TASK DIRECTIONS => Report every line of the data where the string "Century" appears.

INPUT MATERIAL =>
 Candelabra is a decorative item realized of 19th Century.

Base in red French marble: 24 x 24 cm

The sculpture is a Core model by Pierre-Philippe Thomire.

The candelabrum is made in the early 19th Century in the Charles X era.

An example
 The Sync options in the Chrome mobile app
...
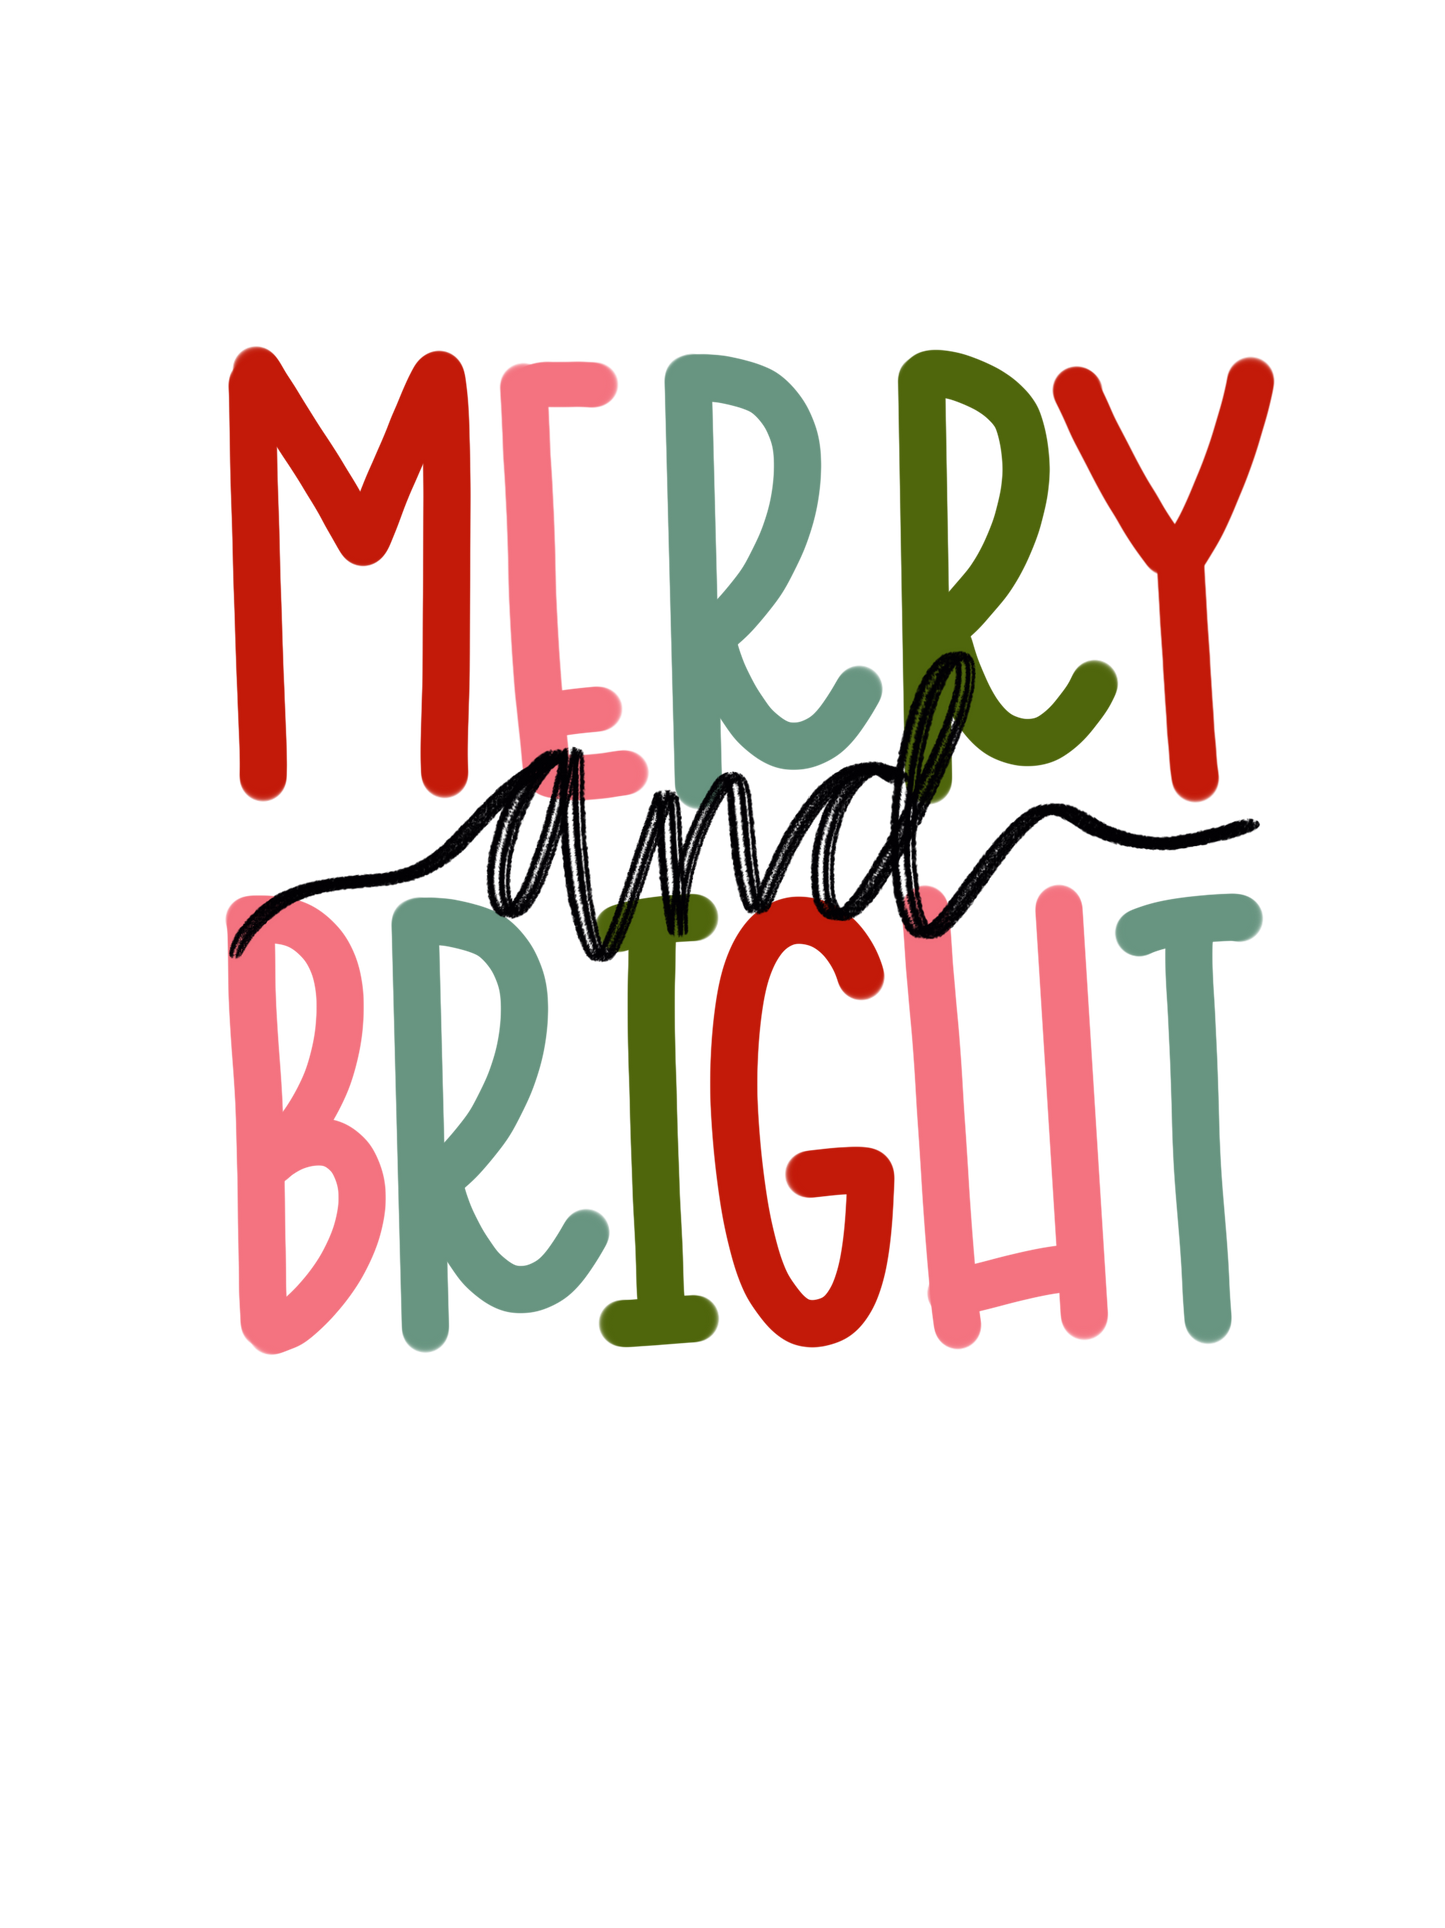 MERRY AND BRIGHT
* * *
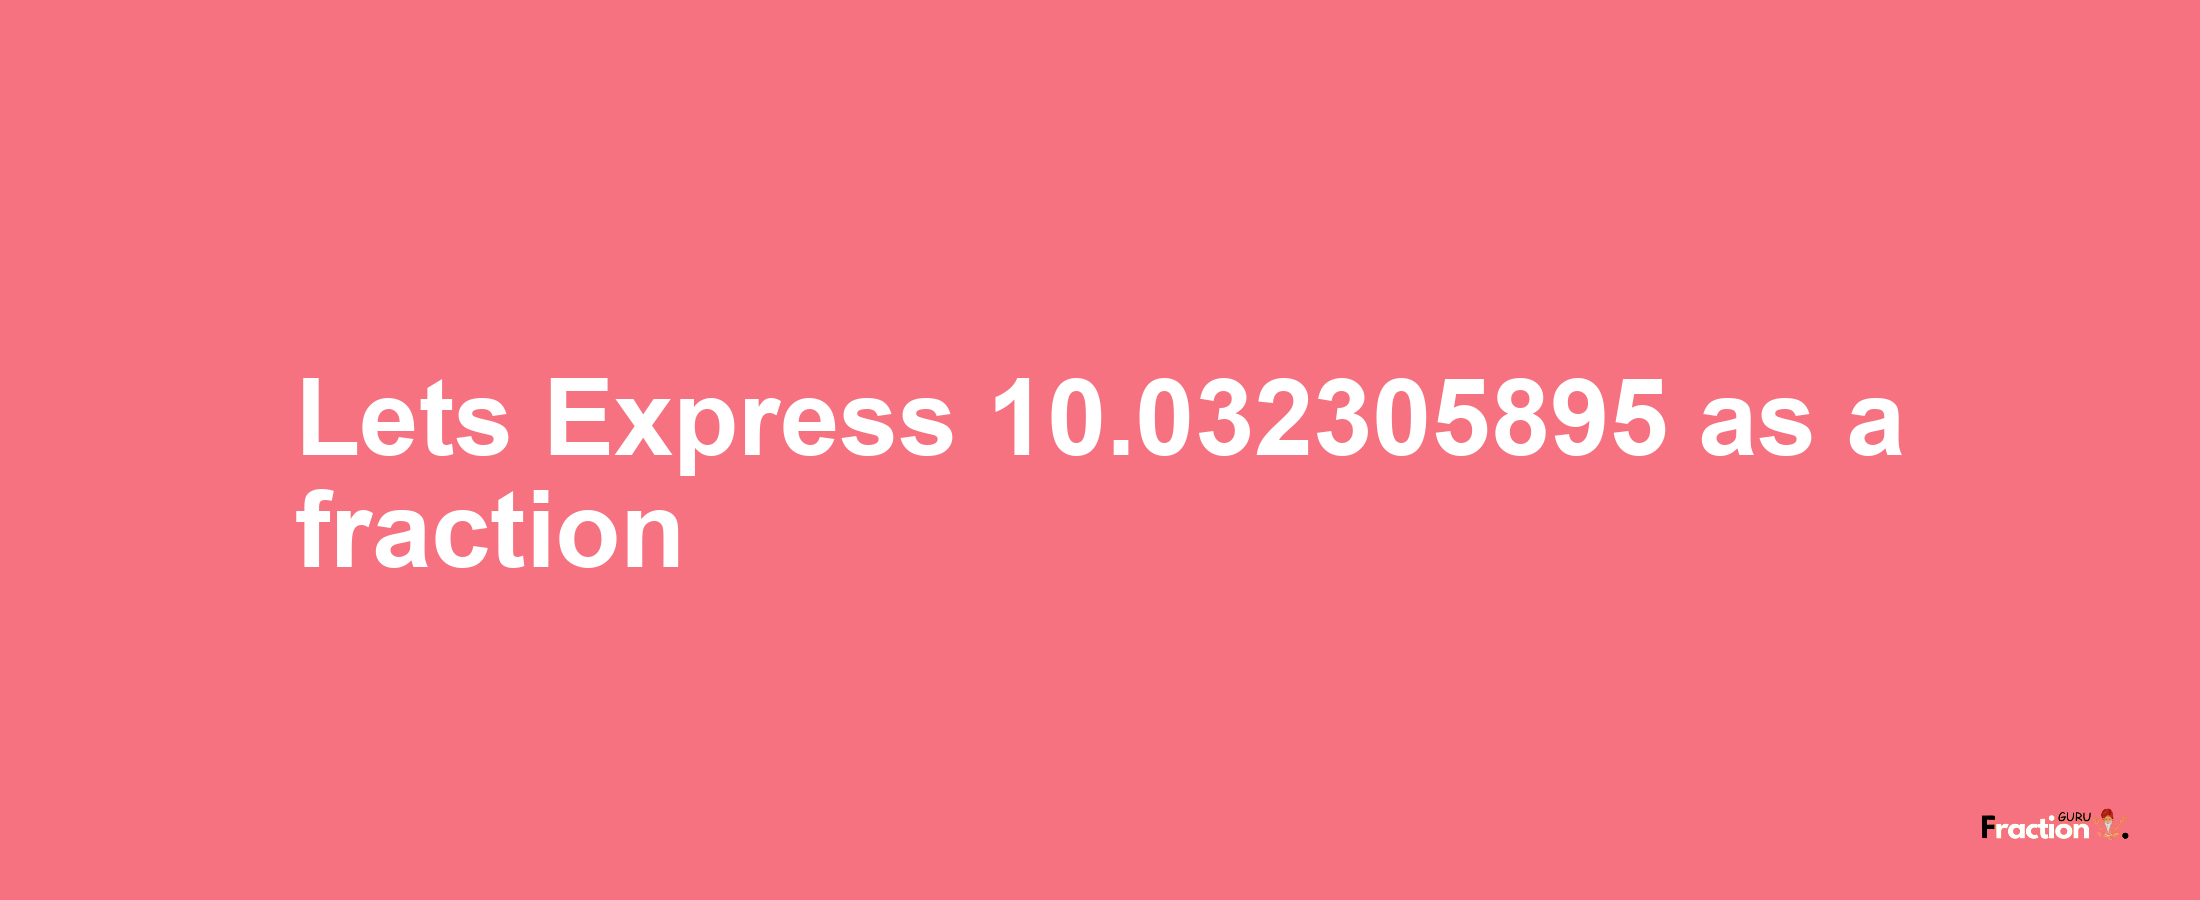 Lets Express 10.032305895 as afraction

ANSWER FOR THIS EXERCISE =>
 Candelabra is a decorative item realized of 19th Century.
The candelabrum is made in the early 19th Century in the Charles X era.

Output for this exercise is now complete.